My six year old son hopped off the bus, trotted through the front door, and plopped down on the living room sofa. He opened up his blue backpack, and pulled out a classroom folder, filled with his weekly works. We do this every Thursday. He and I sit together, and examine his efforts, drawings, doodles, math assignments and journal writings.
My fingers deftly thumbed through the pages until, at last, an index card fell to the floor. I examined the card for a moment, both bewildered and admittedly irked. The children in my son’s classroom had each been provided a free “kids meal” at an area fast food restaurant.
Of course, this is not the first time I have encountered this brand of insidious junk food marketing. In fact, my son had brought home a coupon for a soft serve ice cream cone at a fast food establishment the year prior. Before that, when he was merely a preschooler attending a public school program, the teacher had used fast food coupons as a reward mechanism to elicit good conduct in the classroom.
The truth is that schools have become integral to the marketing plans of a vast array of corporations, and we have now ingrained the idea that public schools can exist for private profit. Corporate motives are easy enough to discern. Not only do these marketers prefer to capture the youngest of consumers so as to instill brand loyalties, but this kind of "philanthropy" softens markets to the presence of industries demonized in the wake of an obesity epidemic amongst children.
When it comes to the state, Colorado has a long history of allowing corporate "sponsorships" to cover shortfalls in school districts' budgets: "Whether it's first graders learning to read or teenagers shopping for their first car, we can guarantee an introduction of your product and your company to these students in the traditional setting of the classroom," reads one chilling brochure for a Kids Power Marketing Conference. Fast-food companies are, as one might imagine, enthusiastically adopting the commercialism in schools by placing hallway ads and banners in view of young students, and developing targeted, branded educational materials for use in classrooms, and produced with tax-deductible dollars.

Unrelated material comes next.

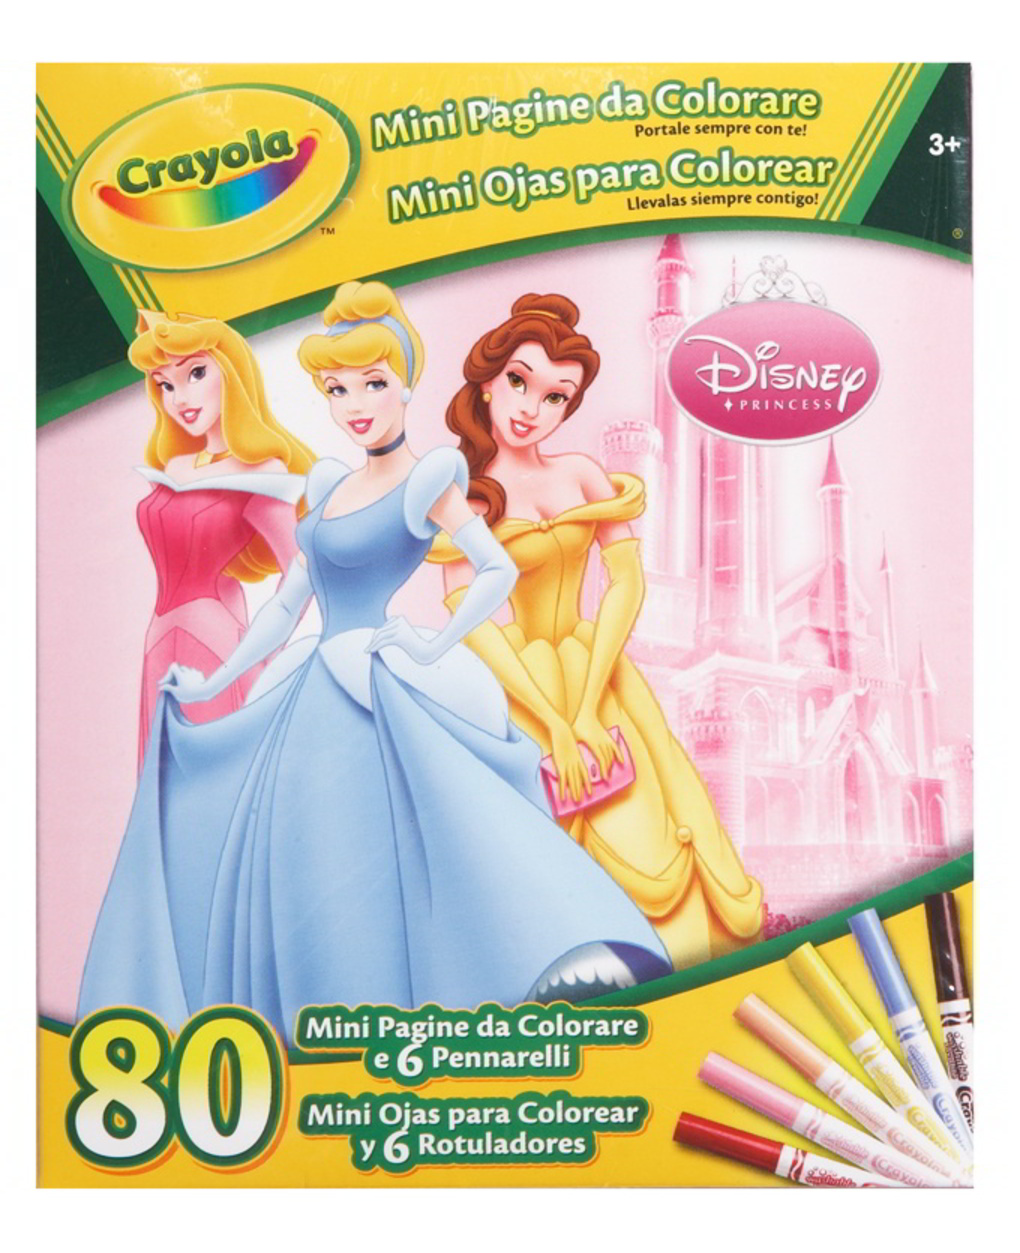 Crayola - disney mini pagine - Crayola
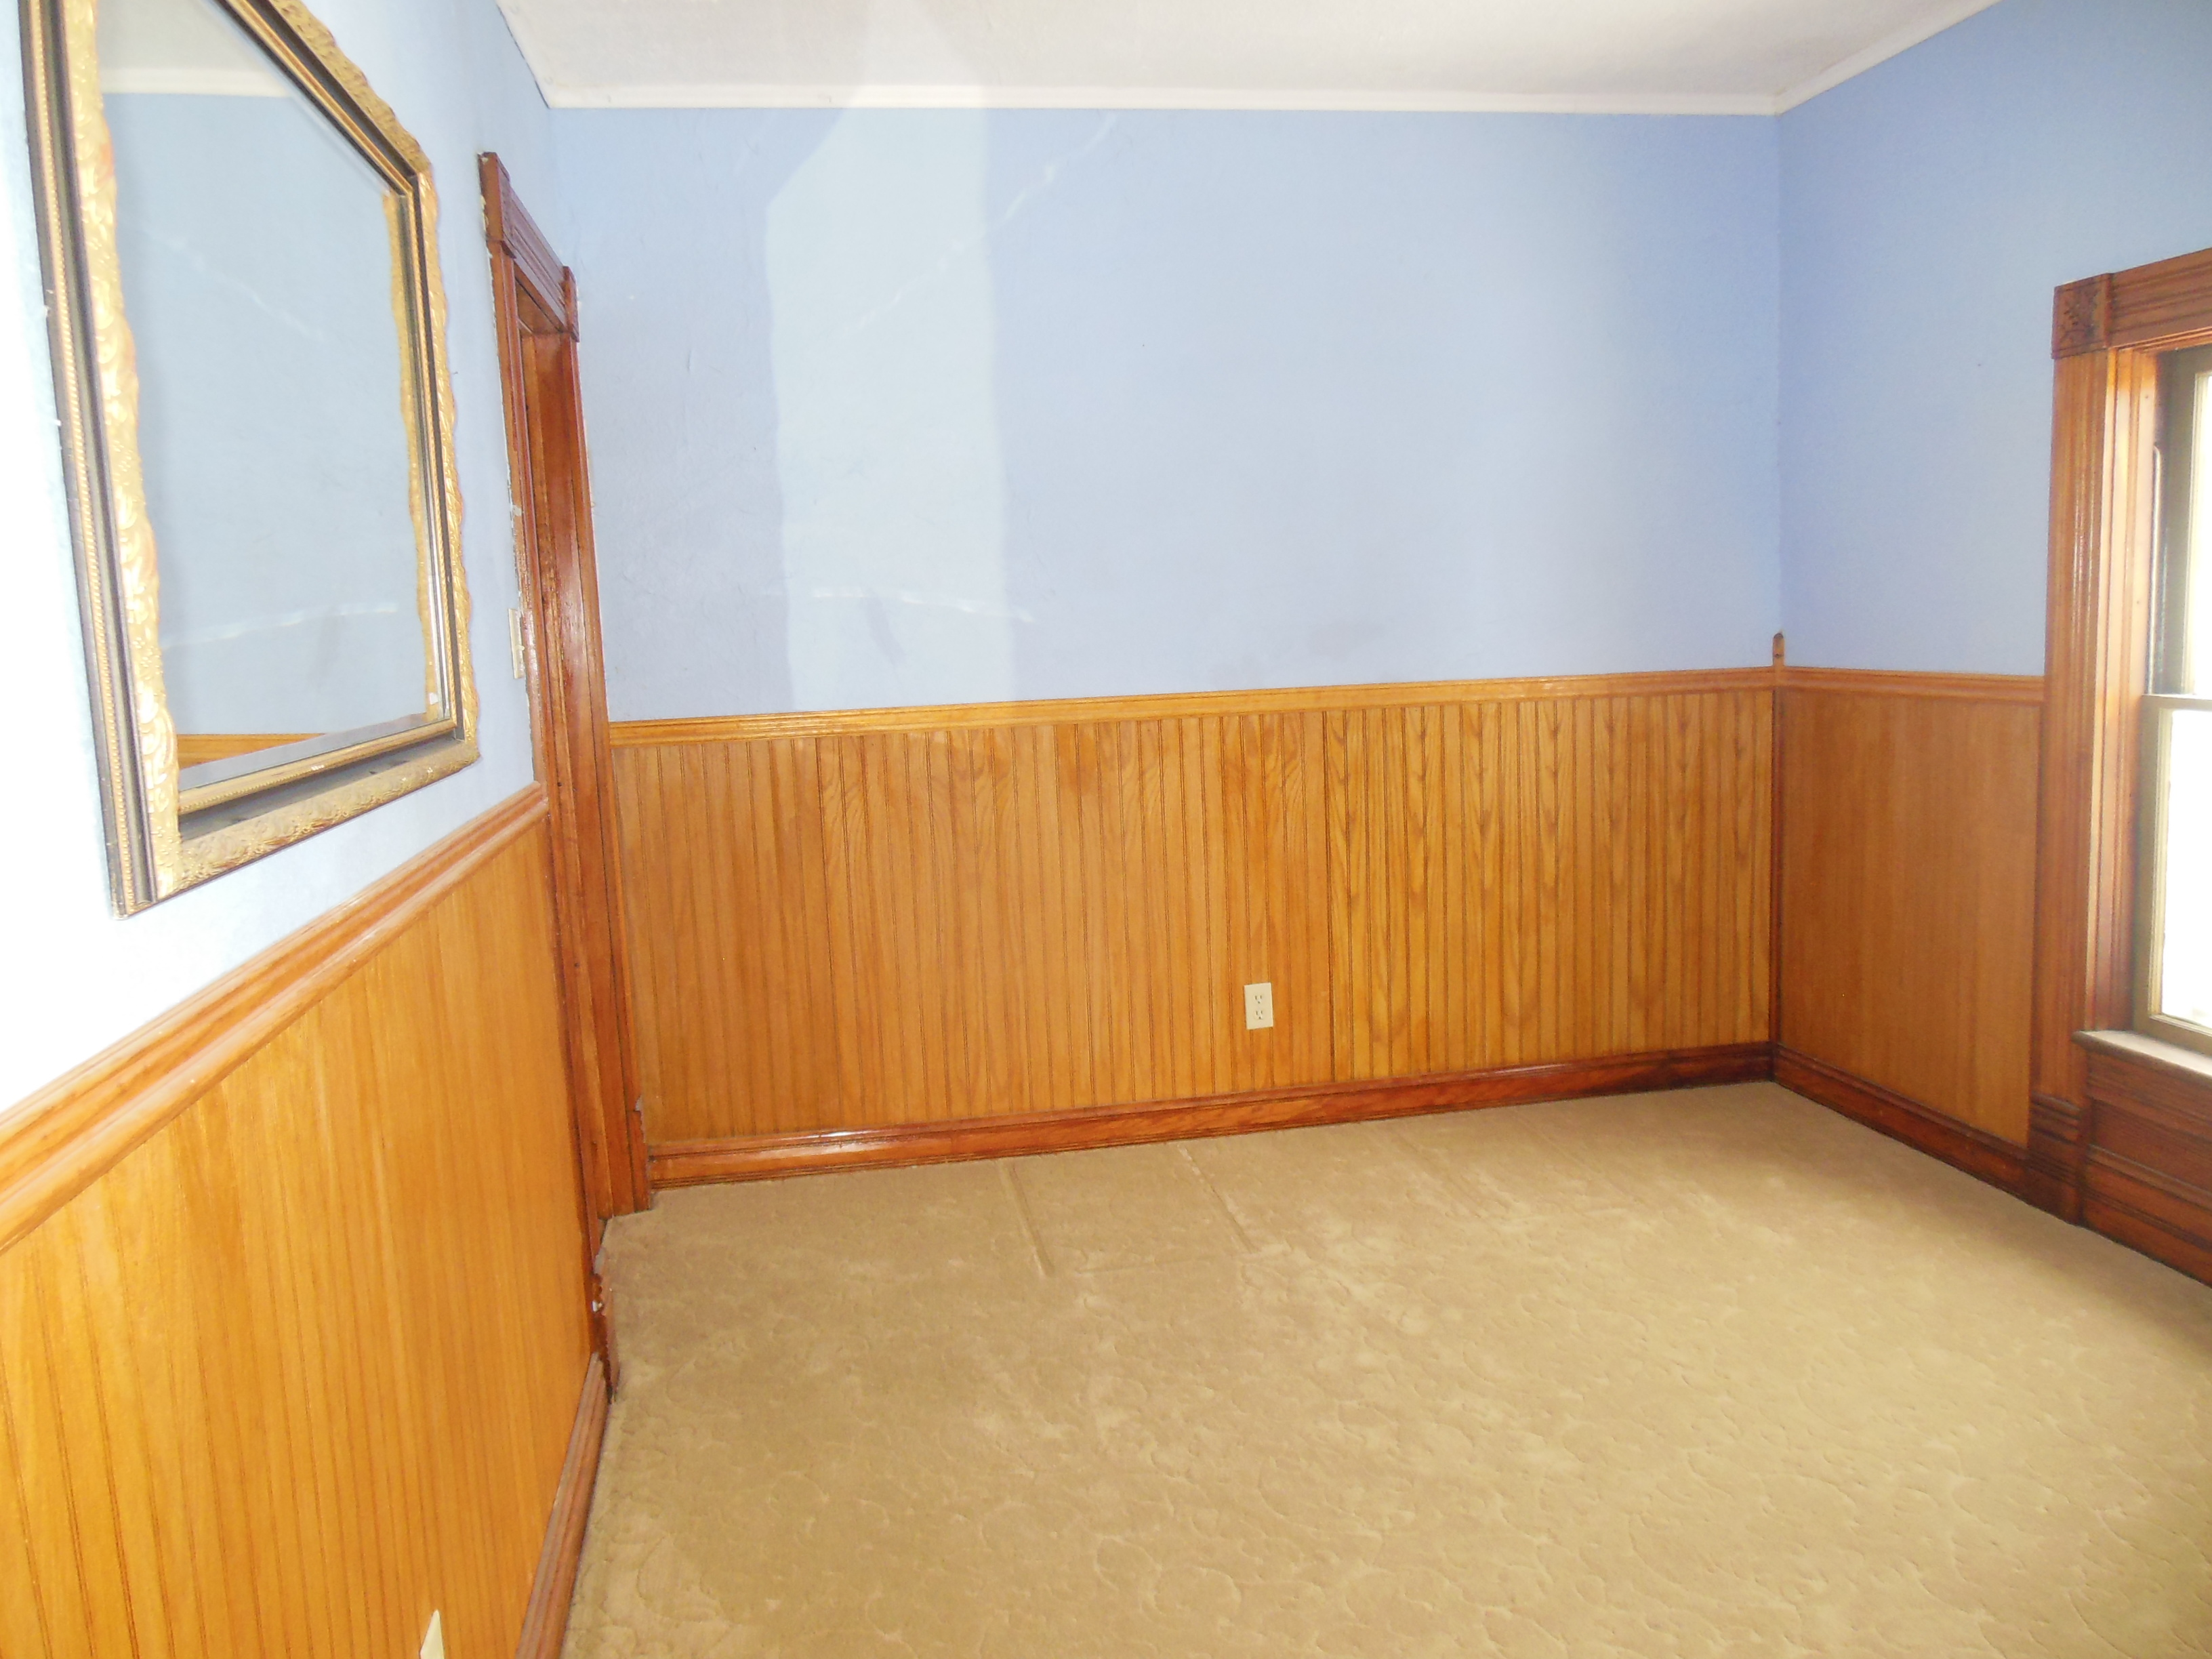 509 Normal, Upstairs bedroom (2)

Regardless of how one feels about the current status of educational funding in the state of CO, the bigger question is whether or not the saleability of children is an appropriate mechanism to increase per pupil funds or to supplement budgetary shortfalls. Basically, the question goes a bit like this: Are you willing to commercialize your kid, support a morally dubious industry and feed your child synthetic edibles designed to re-train their palate and make them ill so as to buy, say, a new load of textbooks or nicer football uniforms? I would venture that most parents would elect to find another source of cash.
For its part, the school is often quick to observe that parents have the final say in the foods provided their children, and that it is up to mothers and fathers to exercise the personal responsibility required to keep children healthy. The question of who’s to blame for kids consuming bad food – the fast food restaurants or the parents – is a bit of a no-win blame game. Yes, certainly, parents should exercise discretion. No one believes that parents should be neglectful in the feeding and care of their kids. That, however, ignores the fact that the prevalence and ubiquity of the fast food marketer’s message makes the fight less than fair. Both have a role in stemming the tide of childhood obesity, and neither end of the blame-allocation spectrum offers much besides catharsis.
Ideally, we would remove from the sphere of influence this sort of commercialization. Kids in schools are a captive audience, and we should do our best to make the messages targeted to them ones of good health and proper nutrition. Ideally, we’d stop selling our kids. I am, however, a parent and not a legislator. As a mother, I have to be willing to set the bar higher than the status quo. Parents have to decide that their child will not be among the 90% eating fast food this month, and that our kids won’t be among the children commercialized in the classroom.
I picked up the card, and promptly tossed it in the recycling.